= George Baquet =

American jazz clarinetist (1881-1949)

George Francis Baquet (July 22, 1881 - Jan. 14, 1949) was an American jazz clarinetist, known for his contributions to early jazz in New Orleans. His father, Theogene V. Baquet, eminent New Orleans musician and educator, was also a clarinetist, as were his brothers, Achille and Harold.

Baquet's professional career began in 1897 while he was still in his early teens. He played in the Lyre Club Symphony Orchestra and then on the road with P.T. Wright's Nashville Students Company. He then joined the Georgia Minstrels, but returned to New Orleans in 1905, where he played with Buddy Bolden. In the 1900s and early 1910s he played off and on with John Robichaux, Freddie Keppard, and the Onward Brass Band. Baquet and Keppard played in Los Angeles with the Original Creole Orchestra, an ensemble Baquet remained in until 1916.
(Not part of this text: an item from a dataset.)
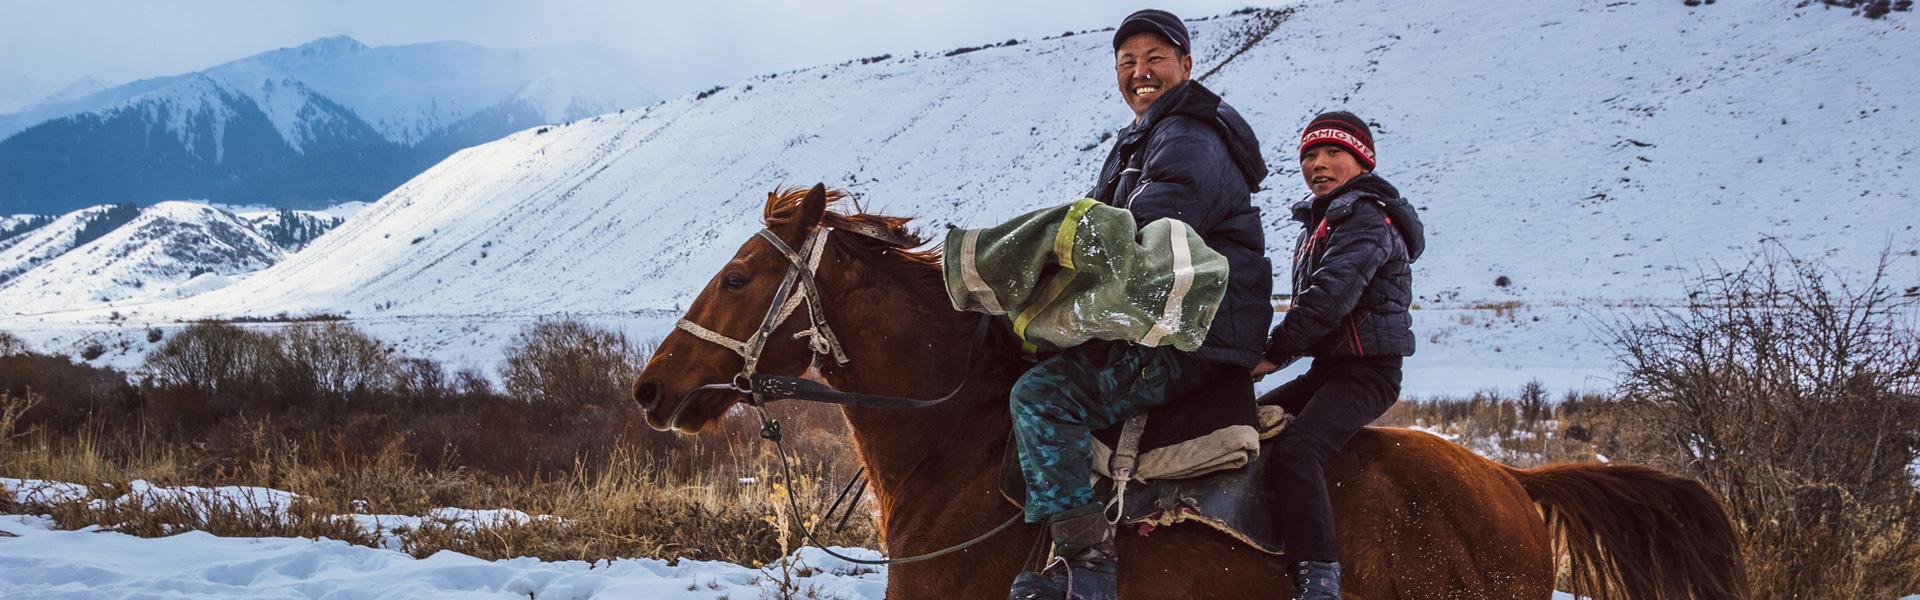 Paardrijden in Kirgizië

Later in the decade Baquet played in New York City at Coney Island. In 1923, he joined the Lafayette Players, in Philadelphia, where Baquet lived until his death. He assembled several of his own groups, including the New Orleans Nighthawks and George Bakey's Swingsters (sic). In the 1920s, Baquet recorded with Bessie Smith; in 1929, he recorded with Jelly Roll Morton, and in the 1940s with Sidney Bechet.